Newark mayor arrested at ICE detention facility in New Jersey for alleged trespassing

Ras Baraka, who was released from custody Friday night, is one of six major Democratic candidates competing in the gubernatorial primary on June 10.

By Bridget Bowman, Zoë Richards and Raquel Coronell Uribe

Newark Mayor Ras Baraka, a gubernatorial candidate in New Jersey, was arrested Friday on trespassing charges during a chaotic scene involving protesters, members of Congress and federal agents at an Immigration and Customs Enforcement detention facility.

Alina Habba, the interim U.S. attorney for the District of New Jersey, said in a post on X that the Democratic mayor trespassed and “ignored multiple warnings from Homeland Security” officials to “remove himself from the ICE detention center in Newark, New Jersey this afternoon.”

“He has willingly chosen to disregard the law. That will not stand in this state,” Habba added.

Images provided by Baraka’s office showed the mayor being escorted by federal law enforcement agents with his hands behind his back.

He was released from custody Friday night.

Baraka said he didn’t break any laws

“At the end of the day, you know, we didn’t do anything wrong. You know, this should not have happened today, but it did,” Baraka said.

The mayor added that he had not been at the Delaney Hall detention center earlier to protest, but instead to “support my congresspeople.”

Rep. Bonnie Watson Coleman, D-N.J., said in a post on X Friday afternoon that she and two other Democratic members of the New Jersey congressional delegation were “exercising our oversight authority to see for ourselves” what it’s like at the ICE facility.

In a criminal complaint filed in a New Jersey district court Friday, the special agent in charge of the Newark division of DHS, Ricky Patel, signed an affidavit accusing Baraka of unlawfully entering and remaining in the ICE facility. Patel said that “notice against trespass was given.”

Baraka gave a different account, saying in an interview Friday night that he was allowed on the property in the first place and that nothing happened for at least an hour.

“After they finally told us to leave, and I told them I was leaving, they came outside the gate and arrested me. So it looked like it was targeted,” Baraka told Jen Psaki on MSNBC.

He added that the charges have not been dropped, and that he must appear in court.

Watson Coleman, who was with Baraka when he was taken into custody, denounced his arrest during a separate interview on MSNBC.

“This is un-American. This breaks my heart that in the United States of America, as imperfect as it has been, there has never been this disrespect for individual rights, for positions or for justice in general,” she said.

A spokesperson for Watson Coleman said earlier that the lawmaker was with Reps. LaMonica McIver and Rob Menendez when they were “escorted in” to the Delaney Hall Detention Center after “a period of explaining the law to the officials.” The spokesperson added that Friday’s visit was organized by the members of Congress, separate from Baraka.

The mayor’s wife, Linda Baraka, had told WNBC at a protest before his release that authorities “targeted him.”

“They’re trying to make an example of him,” she said.

Habba’s office did not immediately respond to a request for comment Friday.
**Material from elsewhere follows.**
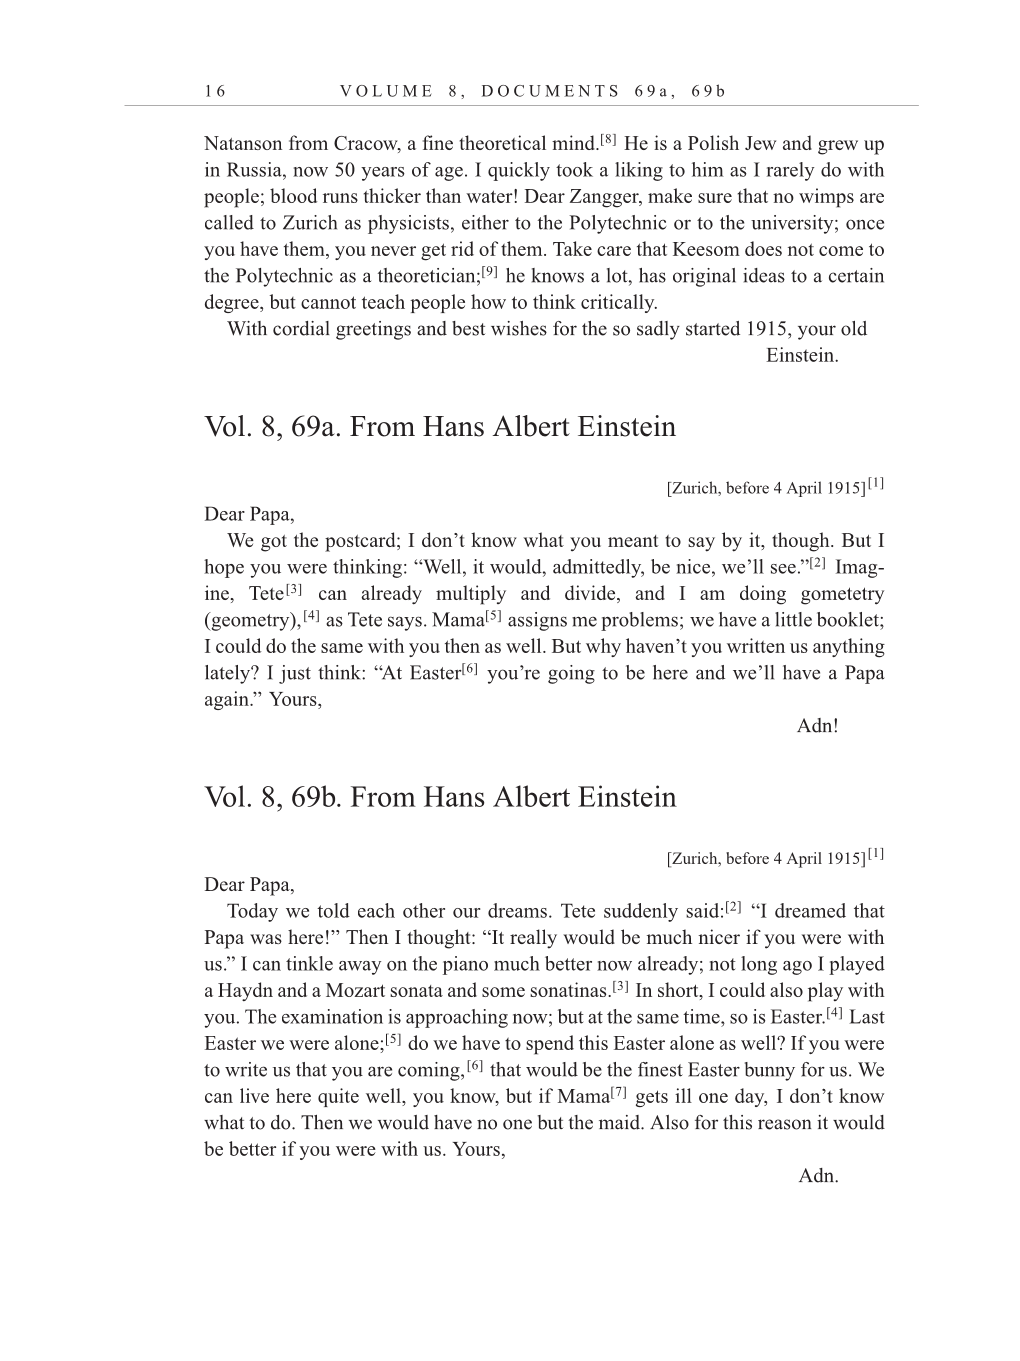 Volume 10: The Berlin Years: Correspondence, May-December 1920, and Supplementary Correspondence, 1909-1920 (English translation supplement) page 16

Baraka has spoken out against the detention center throughout the week. He held a news conference with an immigrant-servicing organization at City Hall on Monday to address what he called a lack of transparency and the reported detention of people at the facility in defiance of city and state laws regarding its certificate of occupancy, inspections and permits. He also visited the facility with Newark city officials on Tuesday.

The mayor has sharply criticized the Trump administration’s deportation policies, arguing in a February gubernatorial debate that Trump’s policies were “based in white supremacy and racism.”

Ras Baraka
Newark Mayor Ras Baraka joins protesters outside of Delaney Hall, a recently reopened immigration detention center, in Newark, N.J., on May 7.Seth Wenig / AP file

Watson Coleman said on social media Friday that the ICE facility in Newark “opened without permission from the city & in violation of local ordinances.”

The Department of Homeland Security disputed claims that it lacked the proper permits, saying in a news release Friday that it had “valid permits” and that plumbing and electricity inspections, as well as fire codes, had been cleared.